Imaging is not routinely performed if the diagnosis is clinically apparent (10). However, contrast-enhanced CT is used if the diagnosis is uncertain, a full clinical examination is difficult because of severe trismus, a deep neck space infection or complication is suspected, or the patient does not respond to therapy. CT findings of peritonsillar cellulitis include tonsillar enlargement and linear, striated enhancement of the palatine tonsils and posterior pharyngeal soft tissues. Medial apposition of the enlarged tonsils results in a “kissing tonsils” appearance (Fig. 21.6A). Central liquefaction with surrounding rimlike enhancement is diagnostic of peritonsillar abscess (Fig. 21.6B). Peritonsillar cellulitis is treated with antibiotics, whereas abscess requires needle aspiration or surgical drainage (9,11).

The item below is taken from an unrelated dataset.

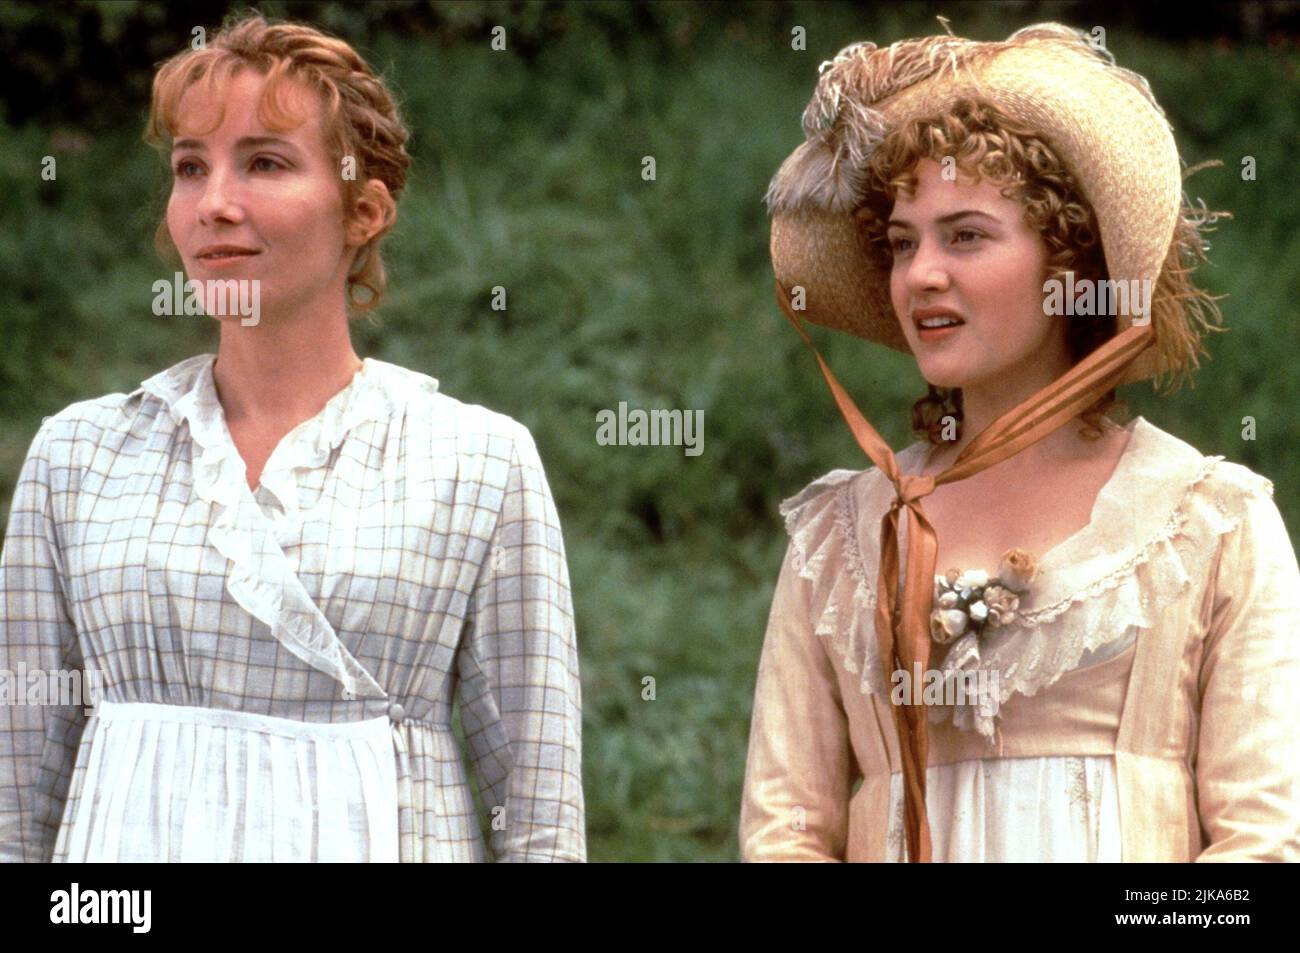 Thompson & Kate Winslet Film: Sense And Sensibility (USA/UK 1995) Characters: Elinor Dashwood & Marianne Dashwood Director: Ang Lee December 1995 **WARNING** This Photograph is for editorial use only and

FIG. 21.6 A: Tonsillitis. Axial postcontrast CT image shows enlargement of bilateral palatine tonsils with linear striated enhancement (black arrows). Enlarged tonsils are apposed in the midline (white arrow) giving a “kissing tonsil” appearance. B: Peritonsillar abscess. Axial postcontrast CT image shows a low-attenuation, rim-enhancing mass in the left palatine tonsil, compatible with a peritonsillar abscess, with purulent material found at tonsillectomy.
Retropharynx
The RPS extends from the skull base into the mediastinum up to the T2 thoracic vertebral level. It is bordered anteriorly by the visceral fascia (middle layer of the deep cervical fascia) and posteriorly by the alar fascia (a division of the deep layer of deep cervical fascia), which separates it from the danger space. Immediately posterior to the alar fascia is the danger space (Fig. 21.7A), which extends inferiorly into the posterior mediastinum. It is not possible to differentiate the RPS from the danger space on imaging, and danger space infection can be inferred only if the infection spreads below the T4 level.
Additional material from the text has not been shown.